Data collection was undertaken by interviews with 480 flood-prone households and 378 small businesses (which are located in a type of shop-house, including a living part and a business part) in four urban districts of Can Tho city, namely, NinhKieu, BinhThuy, Cai Rang and O Mon [
28]. To identify the sample area, qualitative expert interviews were conducted with flood-damage experts and housing experts. A quantitative survey method was used for the household interviews. The questionnaire (online
Supplementary Material) covered the following topics: characteristics of the 2011 flood event, flood preparedness, warning and emergency measures, losses to households’ content and building structure, risk perception, as well as socioeconomic characteristics of the respondents. Each topic contained several questions, and altogether, there were 70 questions for households and 88 questions for small business. For the interviews related to small business, the questionnaire consisted of two parts: questions related to the living part focusing on the building and contents and questions related to the business part focusing on goods, equipment and sale. In this paper, only answers to questions related to the living part were taken into account. Therefore, all data collected via household and business interviews were combined into one database containing information on flood losses to buildings and contents and potentially influencing variables. The interviews were undertaken in January to February 2012, right after the flood event. In order to improve the quality of the collected data, cross-checks between answers to different related questions were performed, for instance comparing estimates of losses with estimated building and content values. More details about the survey and collected data were published by Chinh
et al. [
28].
5. Conclusions
To improve the knowledge about damaging processes and to quantify the effect of the important loss-influencing variables, multi-variate statistical analysis is carried out for flood loss data from the 2011 flood in Can Tho city, the biggest city in the Mekong delta. For data collection, 858 flood-affected households and small businesses were interviewed.
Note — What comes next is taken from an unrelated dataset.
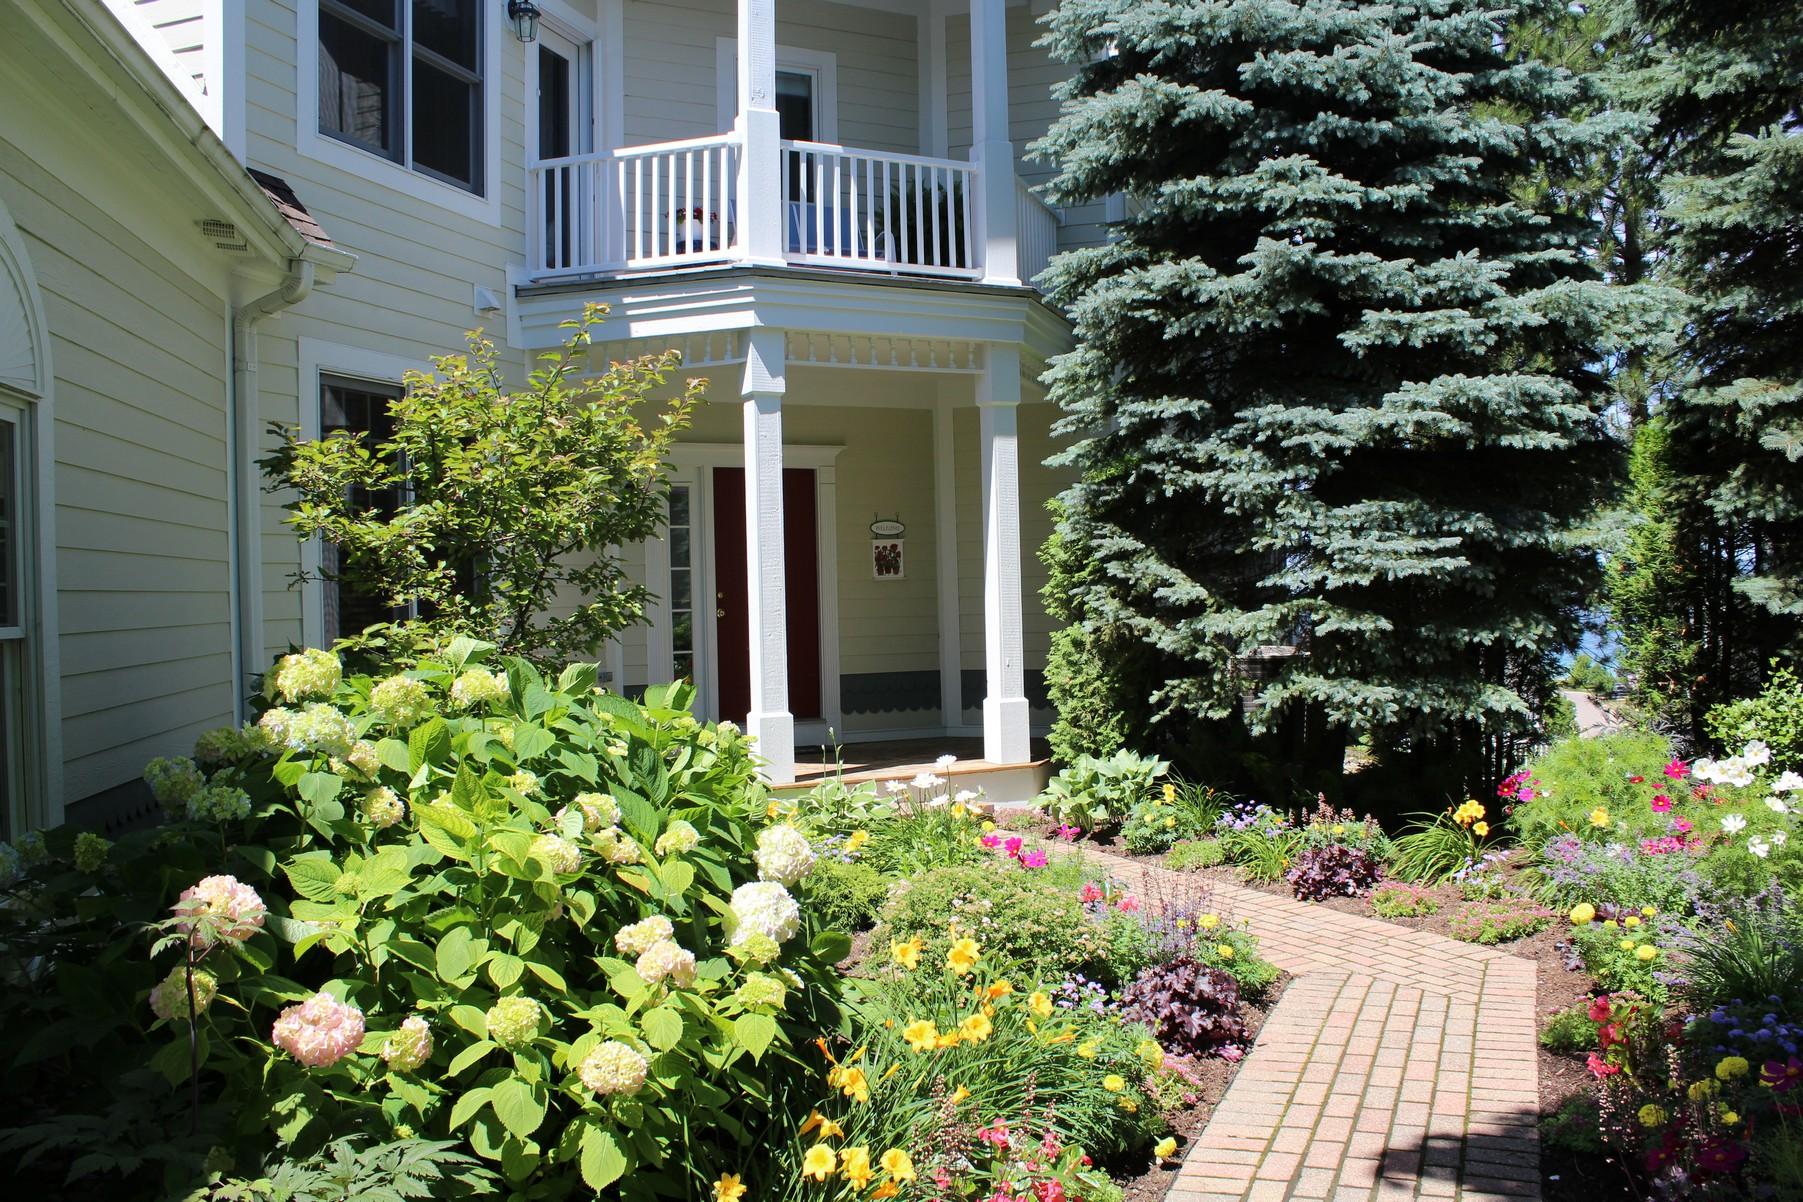 Eigentumswohnung für Verkauf beim Cliffs at Bay Harbor Spacious turn-key condominium 3680 Cliffs Drive Bay Harbor, Michigan, 49770 Vereinigte Staaten

Our results reveal that under the specific flooding situation in the Mekong delta with relatively well-adapted households, long inundation durations and shallow water depths, inundation duration is more important than water depth for the amount of resulting loss. Additionally, building variables, such as building or content value, floor space of the building or building quality, also significantly influence the loss ratios. According to our results, precautionary measures play a key role in flood loss mitigation, in contrast to the emergency measures. The household characteristics, such as socioeconomic status or income, strongly influence building and content losses, probably also due to their strong correlation with the building quality and value.
The knowledge gained on damaging processes is helpful for recovery issues and for adapting the flood risk management strategy on the basis of the experiences with the flood in 2011. However, particularly, the results have important implications for loss estimation and flood risk assessments. Commonly, depth damage functions are used for flood risk assessment all over the world, and often, published functions are transferred in time and space without checking their suitability for the specific application and region. Our results suggest that for areas like Can Tho city in the Mekong delta, depth damage functions are not suitable. Instead, multi-variable loss models may be a better option, since they are better able to represent complex damaging processes.